MUXIANG Ruby Bark Sandblasted Poker with Saddle Stem Tobacco Pipe

This beautiful Ruby Bark Sandblasted Poker with Saddle Stem Tobacco Pipe is made from red sandblasted briar wood, with a saddle stem. The bowl has an oval shape and is beveled on the rim. The pipe is…

Smartphone

独家优惠奖金 100% 高达 1 BTC + 180 免费旋转




Predicting Hotel reviews ratings with Tensorflow

A traveler review might look like this:

Let’s see how we can build a DeepLearning model that helps us predicting the reviewers sentiment rates which should be an integer number in the rank [1–5] included.

Install Kaggle api if you dont already have it:

You can upload the json file with the following widget:

This allows you to upload the file from your local PC and then you need to run the following cell:

By now you should be able to use the kaggle CLI, so let’s download the necessary data with the following commands:

and then you should see some logs like:

Here we downloaded two datasets. trip-advisor-hotel-reviews.zip which contains the TripAdvisor reviews and glovetwitter100d.zip which is a dataset containing pre-trained Word Embeddings vectors.

In a few words, Word Embeddings is a representation of words used in NLP tasks which encodes words into vector spaces where similar words are represented by vectors with high cosine similarity (close to each other). They represent very well text semantics and word meanings.

Neural Networks can learn Word Embeddings and it’s pretty straightforward with Tensorflow and Keras, however it might take very long time to train and you may need a very large dataset to do so in a way that you get to capture rich language semantics. Fortunately many other people have already trained Word Vectors with very large text corpus in a way that we can easily load them and build a neural network on top of that. Today we will be doing transfer learning and we will use word vectors trained over twitter text.

Let’s see how many reviews we have for each rating value

As you can see the dataset is quite unbalanced which might have a negative impact in predictions accuracy but let’s continue to explore and see what we can get.

Digits don’t help much in building semantics for sentiment analysis, so let’s remove them

Let’s load the word vectors that we downloaded before. In this case i am taking word vectors of 100 dimensions built from twitter text corpus.

Run this cell if you want to compute autocorrections:

Let’s now add the word vectors for oov words

Now that we have preprocessed our data and we have computed word vectors, it’s time to build our Neural Network architecture

Am addressing this problem as a regression problem. We have user reviews and labels representing user ratings which can take integer values from 1 to 5.

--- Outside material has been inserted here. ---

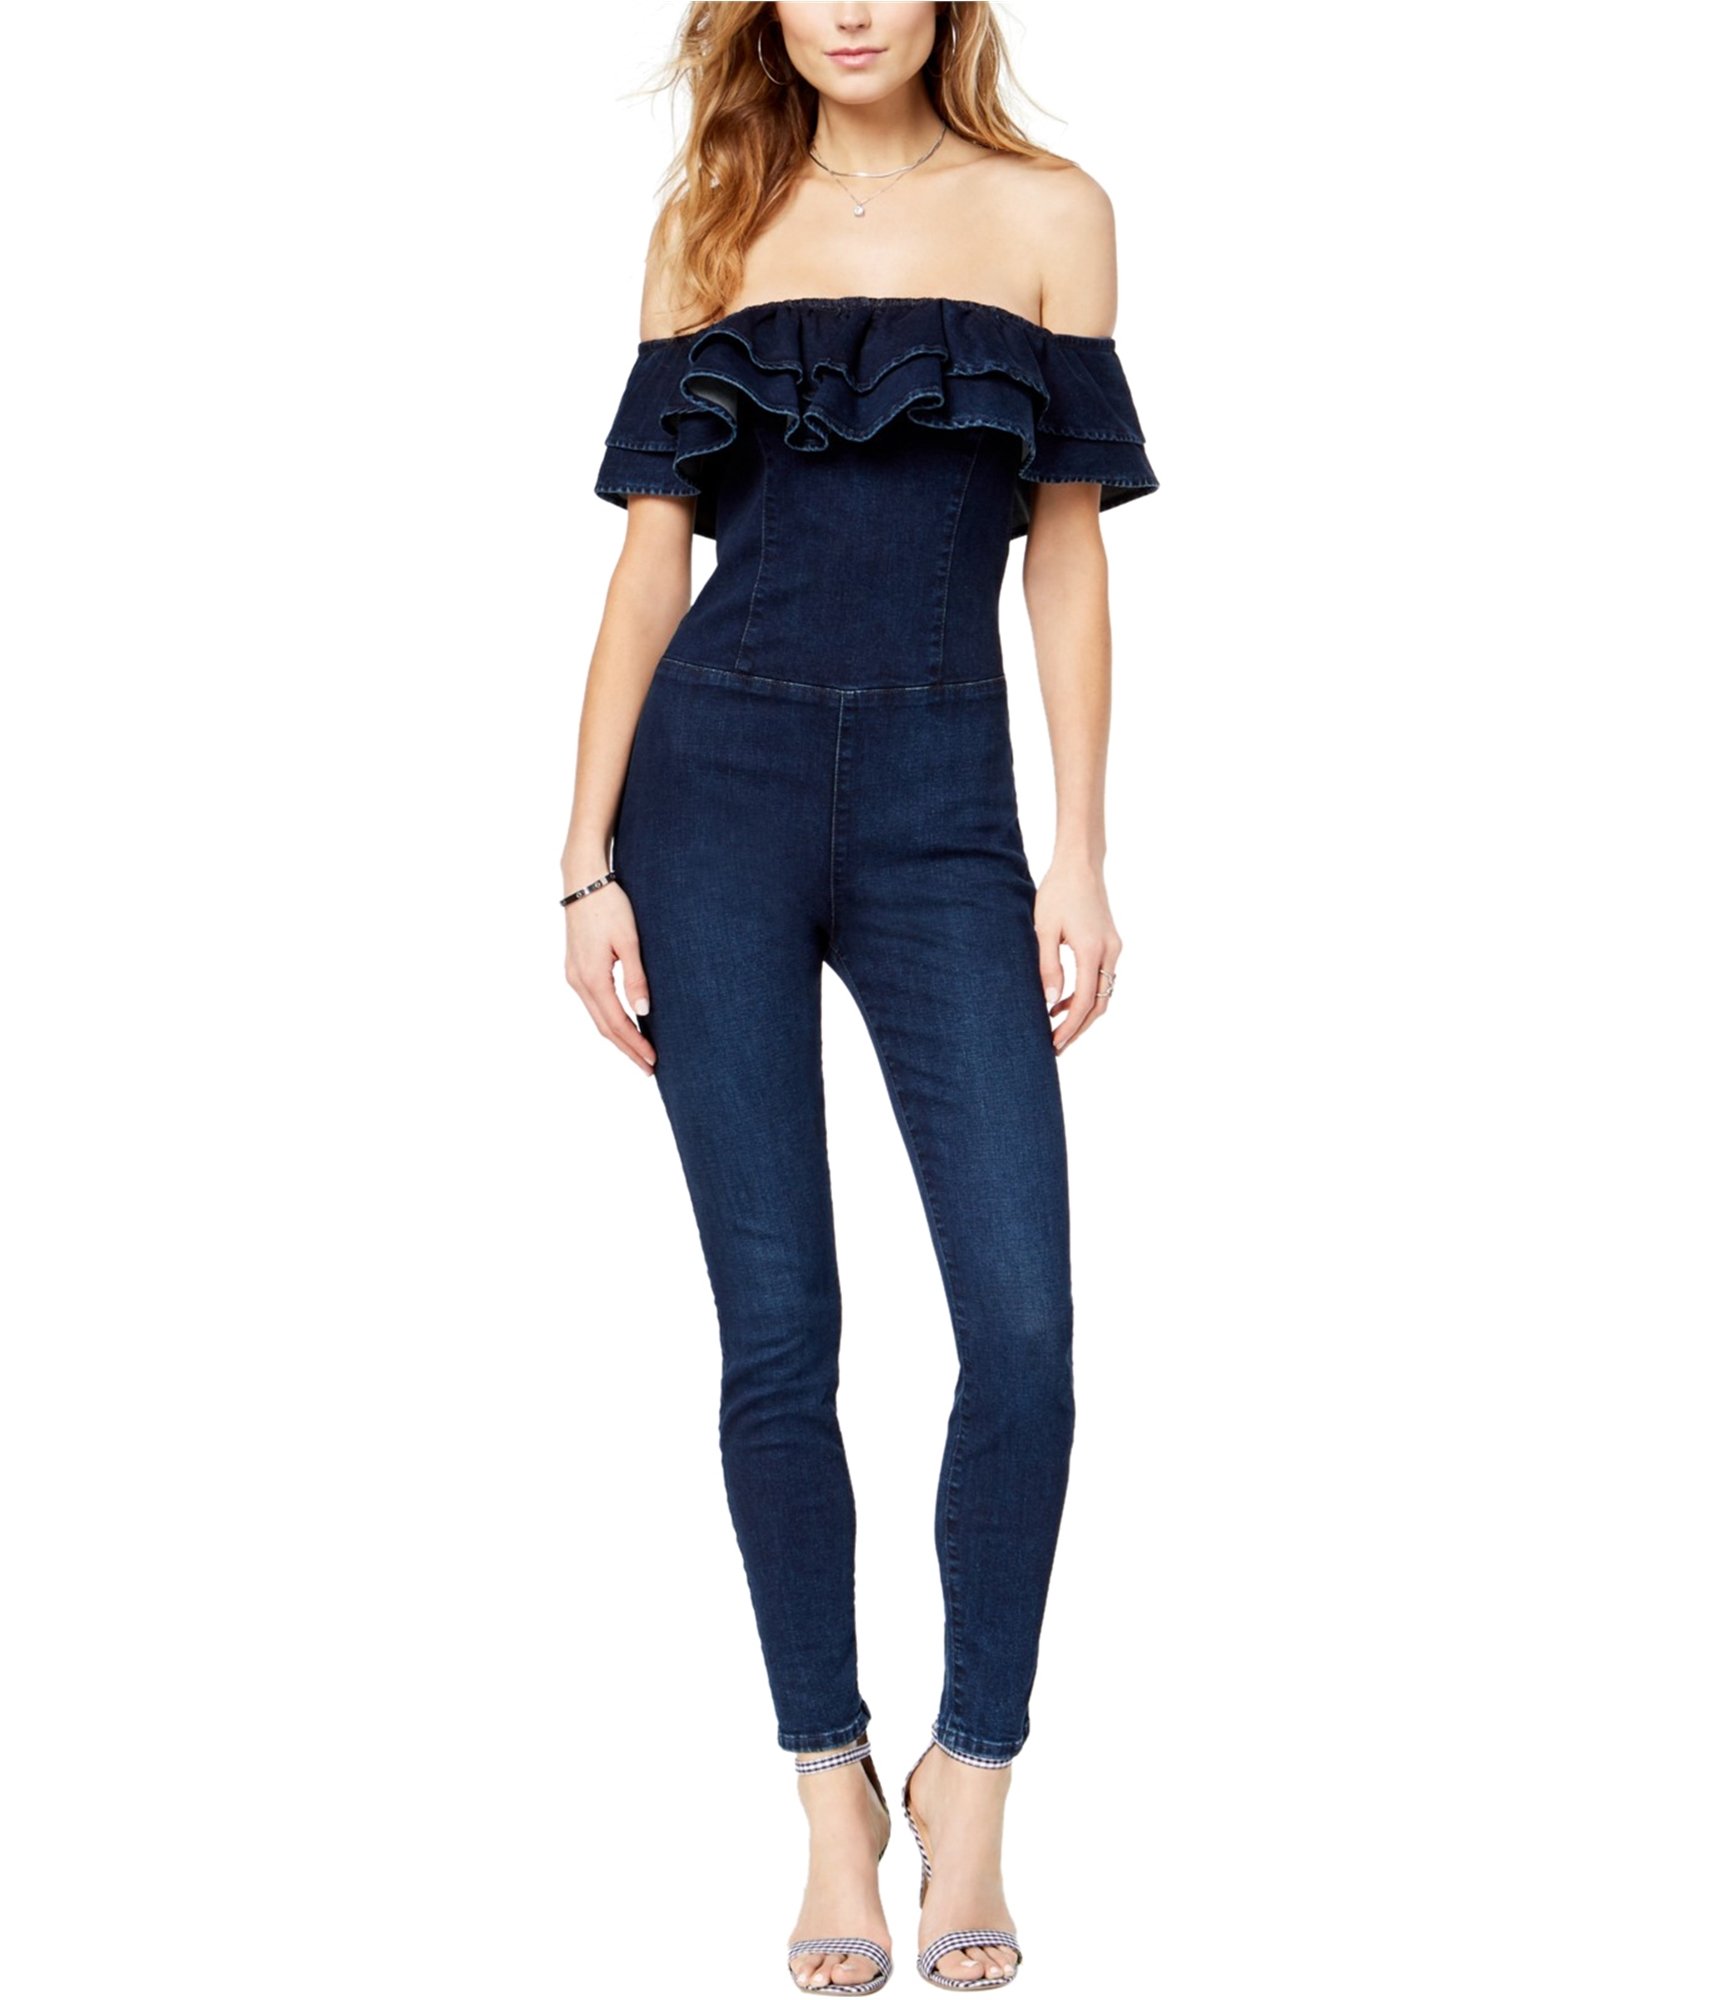 Guess Denim Stretch Overall Jumpsuit - Women's Rompers/Jumpsuits in Rinse |  Buckle

After some experiments and trying different model architectures i noticed that many often even for a human it might be hard to predict whether a review rating is 4 or 5, or whether it’s 3 or 4 and so on. It depends on the reviewer’s sentiment which might not be quite well represented by the review text. So, assuming that a prediction in the rank [4…5] is a good prediction if the true label is either 4 or 5, let’s build a Deep Neural Net for regressing the rating values. The predicted label can be computed later by rounding the models outputs.

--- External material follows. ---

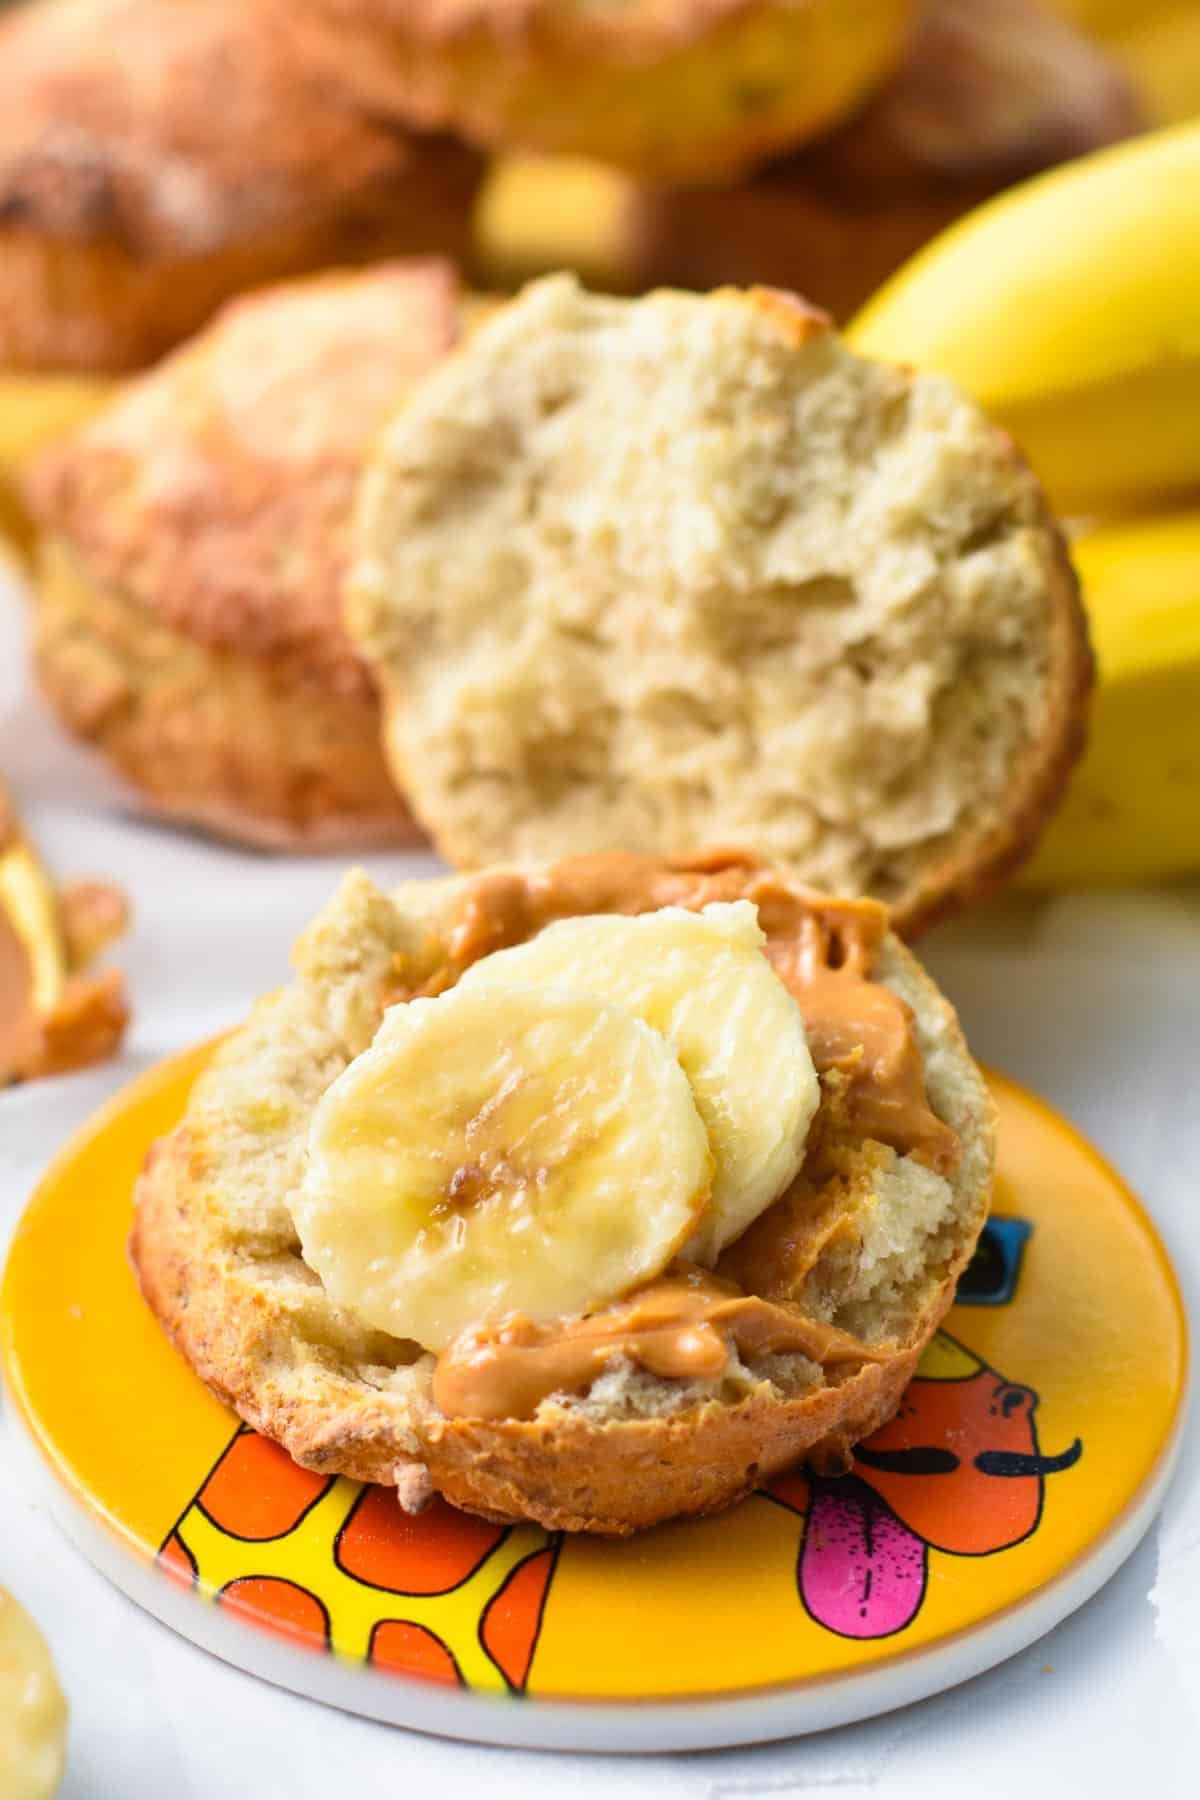 A banana scone half open with one of the half covered with peanut butter and 2 slices of bananas.

For this model am using Adam optimizer and Mean Squared Error (MSE) as loss function. Mean Squared Error will penalize predictions with large error. However am adding Mean Absolute Error (MAE) to the metrics, as this one gives us an idea of how good or bad is performing our model.

See that the total number of parameters is 5,065,013 while the total number of trainable params is : 109,313. This is because we freezed the parameters for the Word Embeddings layer, so that we don’t re-train them.

Let’s go on with model training but first let’s install a library to plot in real time the learning curve while the model is training. That’s helpful to understand if our model is doing well on training and to detect overfitting in real time.

Now we can pass an instance of PlotLossesKeras in the callbacks array.

The model is performing not really bad, we can see that there’s a little overfit because our training error is constantly decreasing while the validation error is oscillating around 0.5. After 60 training epochs we reach to a MAE of 0.312 in the training set and 0.491 in the validation set which is not bad.
Let’s see how it performs in the test set:

Notice that the accuracy score is quite low, let’s analyse the errors by building a confusion matrix and see what we have.

The highest confusion happens between ratings 4 and 5, having 144 and 62 classification errors respectively. We can see later confusions between ratings 3 and 4 with 35 and 31 errors respectively and 40 errors in confusions between ratings 1 and 2. This might be a direct consequence of the unbalanced dataset we talked about previously. However a reviewer’s score might shift around a fixed value and we might be able to predict this target value with low error but there will always be a hard predictable random variation due to reviewer’s sentiment that we cannot catch from text.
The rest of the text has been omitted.